I was recently asked to bake some cupcakes for an upcoming work function and one of the flavors was Salted Caramel Cupcakes. I told them yes I can make those, knowing full well I had never before entertained the idea let alone had a recipe! So off I went in search of a recipe that would be worthy to present to a customer.
INGREDIENTS
- 1 1/2 cups all-purpose flour
- 1 teaspoon baking powder
- 1/4 teaspoon salt
- 1/2 cup or 1 stick of unsalted butter, softened
- 1 cup packed light brown sugar
- 2 large eggs, at room temperature
- 2 vanilla beans or 2 teaspoons vanilla extract
- 1/2 cup whole milk
DIRECTIONS
Preheat oven to 350 degrees F (180 C). Line muffing tins with papers.
In a medium bowl, combine flour, baking powder and salt; set aside.

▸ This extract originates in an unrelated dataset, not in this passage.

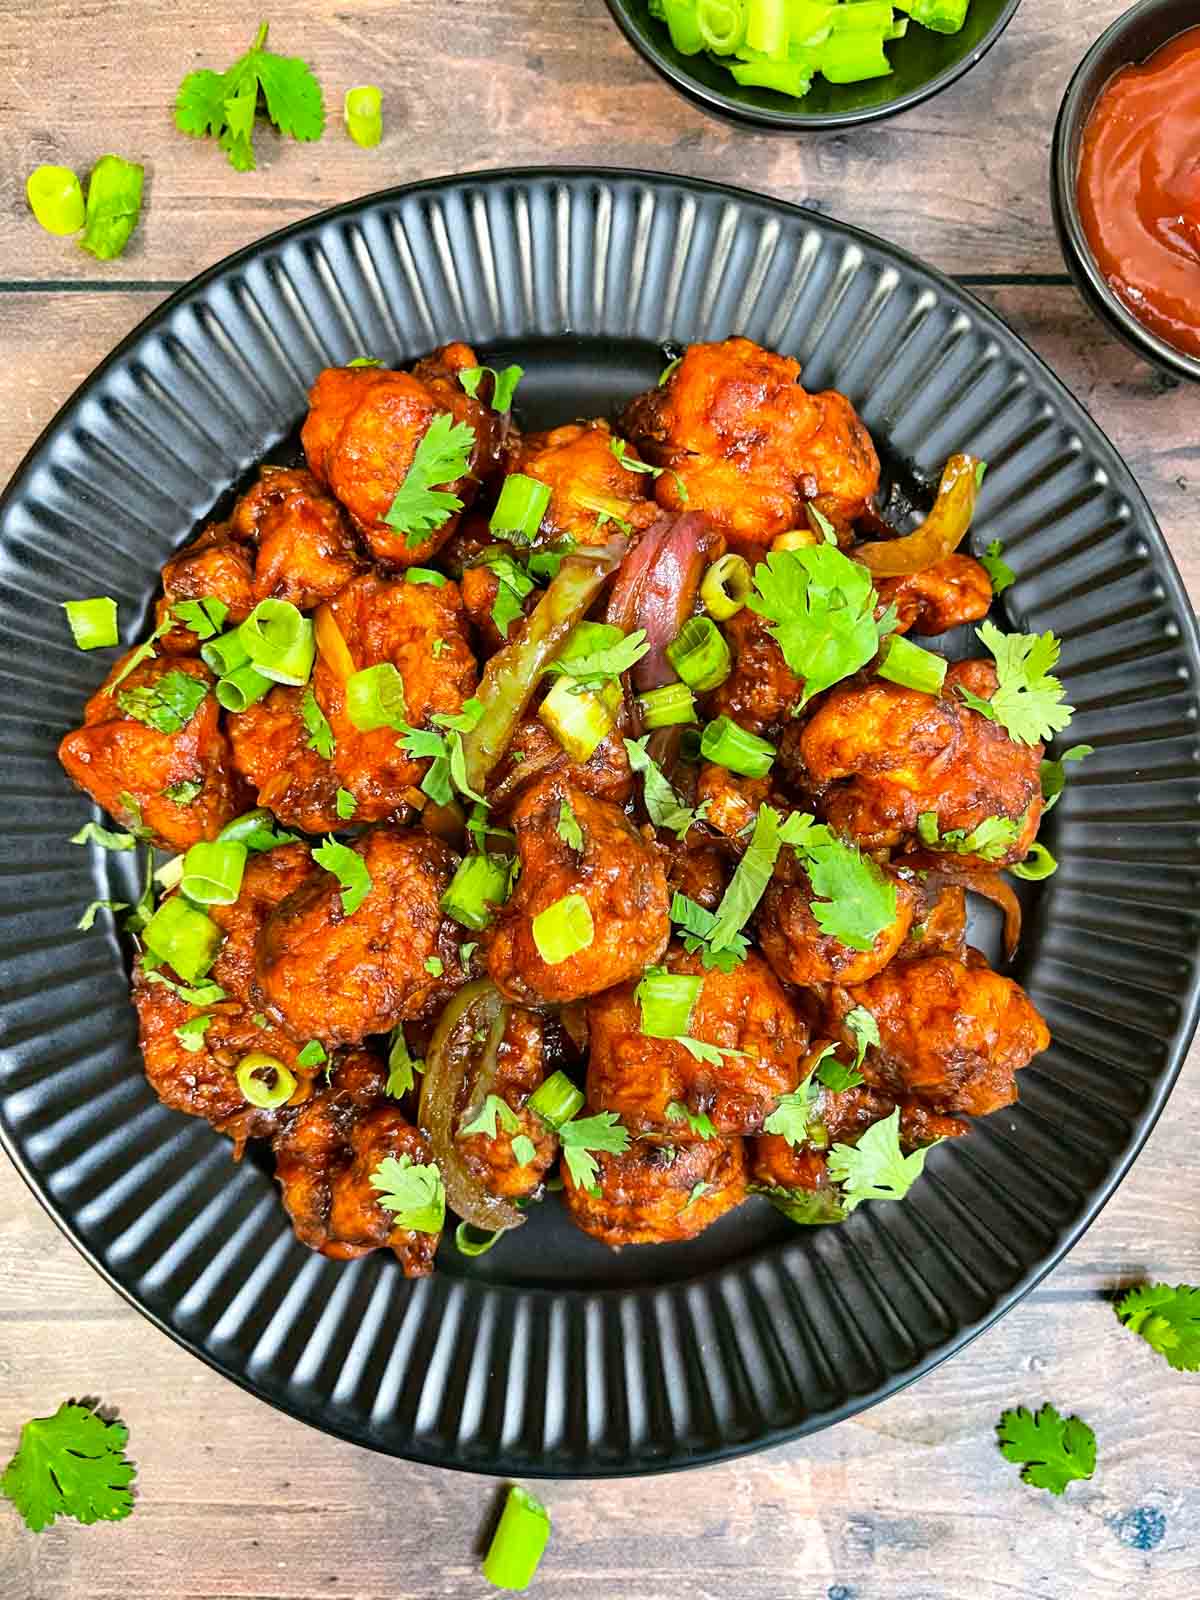 gobi manchurian served on a plate garnished with green onions and cilantro with side of tomato ketchup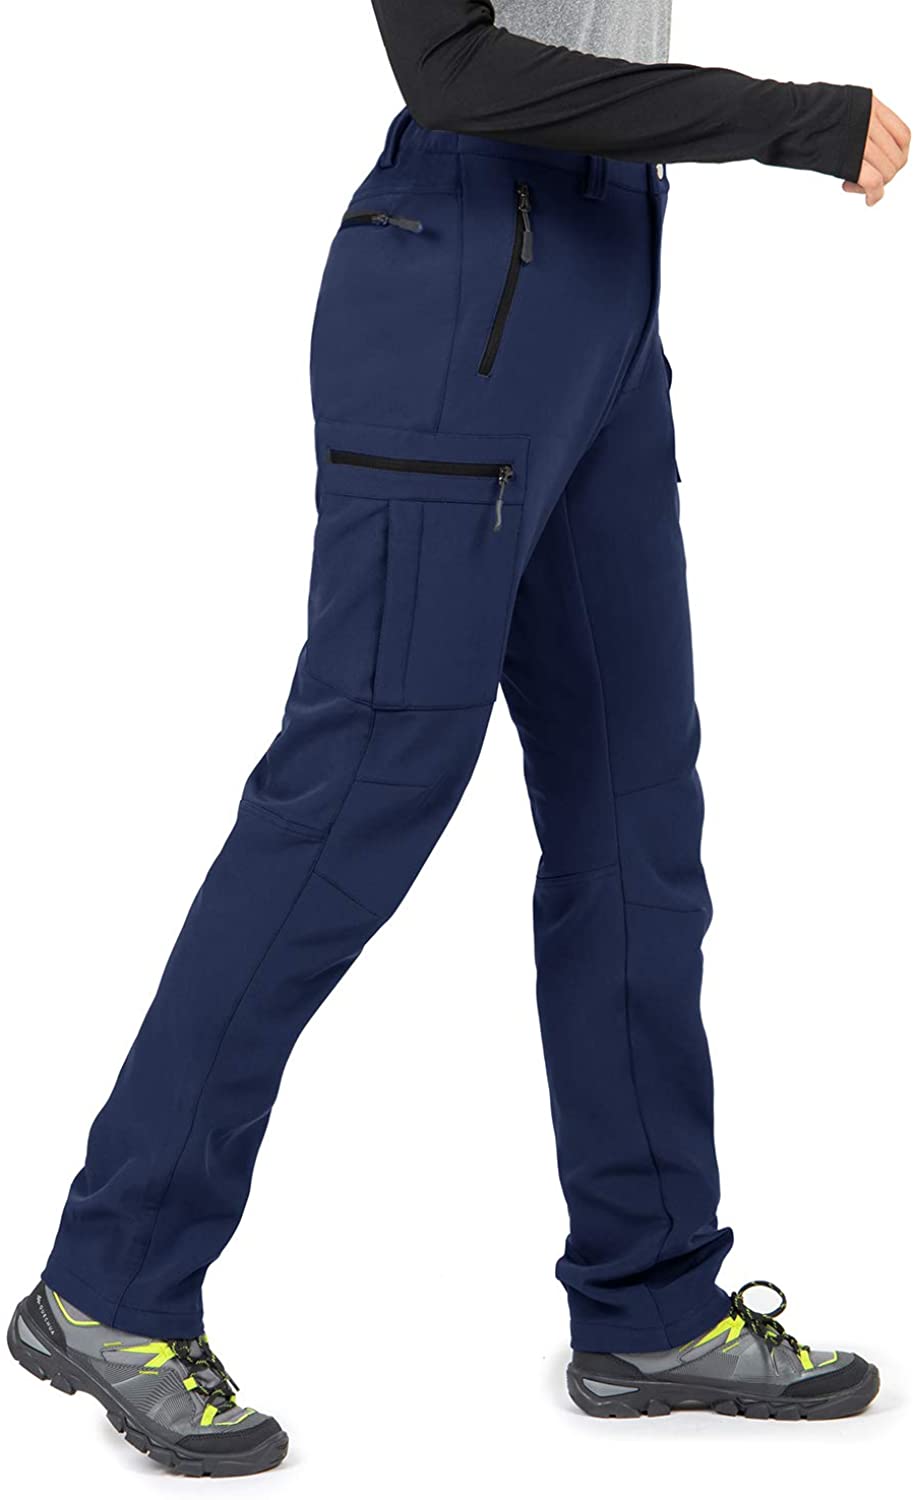 Women's Outdoor Fleece-Lined Soft Shell Hiking Fishing ski Pants Insulated  Water and Wind-Resistant (6080 Blue, 30)

In your mixer, cream butter and brown sugar on medium-high speed until pale and fluffy. Add eggs, one at a time, beating until each is incorporated. Add vanilla beans or vanilla extract. Mix and scrape down sides of bowl as needed. Add flour mixture in three batches, alternating with two additions of milk, and beating until combined after each.
Divide batter evenly among lined cups, filling each about 2/3 full. Bake for 20 to 25 minutes. When done place on wire racks and allow to cool for 10 minutes. While your cupcakes are cooling, make your caramel!
Caramel Sauce and Drizzle
- 1 cup sugar
- 6 Tablespoons salted butter, cubed
- 1/2 cup heavy cream, at room temperature
In a medium saucepan, cook the granulated sugar and butter over medium high heat until it begins to melt. Making caramel can be tricky because you want it to be an amber brown, you don’t want it to burn. However, you do want a hint of that smoky flavor so be careful. Bring to a boil and boil for 2-3 minutes, constantly stirring. Turn down the heat to low and slowly add the cream. While continually stirring, turn the heat up to medium until caramel starts to boil again. Set aside and allow it to completely cool (about 10 minutes). You will use half for the frosting and the remaining to drizzle over your cupcakes.
While cupcakes and caramel are cooling, prepare the frosting.
FROSTING
- 1 cup butter, softened
- 2 vanilla beans or 1 teaspoon vanilla extract
- 3-4 cups of confectioners sugar
- 1/4 cup heavy cream, if needed
- Pinch of sea salt
- Caramel Sauce (half for frosting and half for drizzle)
- 2 Tablespoons coarse sea salt (for assembly)
Using a mixer, cream the butter until fluffy and smooth. Add the vanilla beans. Next, add the confectioners sugar half a cup at a time. You may not need all 4 cups. If the frosting is too thick, then add a little cream to help thin it out. When the consistency is the way you want it, add a pinch of sea salt. Using only half of the caramel, add it into the frosting in small spoonfuls. Gently swirl. Fill into piping bag and decorate your cupcakes. Drizzle the caramel over the cupcakes and then garnish with sea salt.
- Any remaining caramel can be stored in an airtight container in the refrigerator for up to 1 week. Bring to room temperature before using.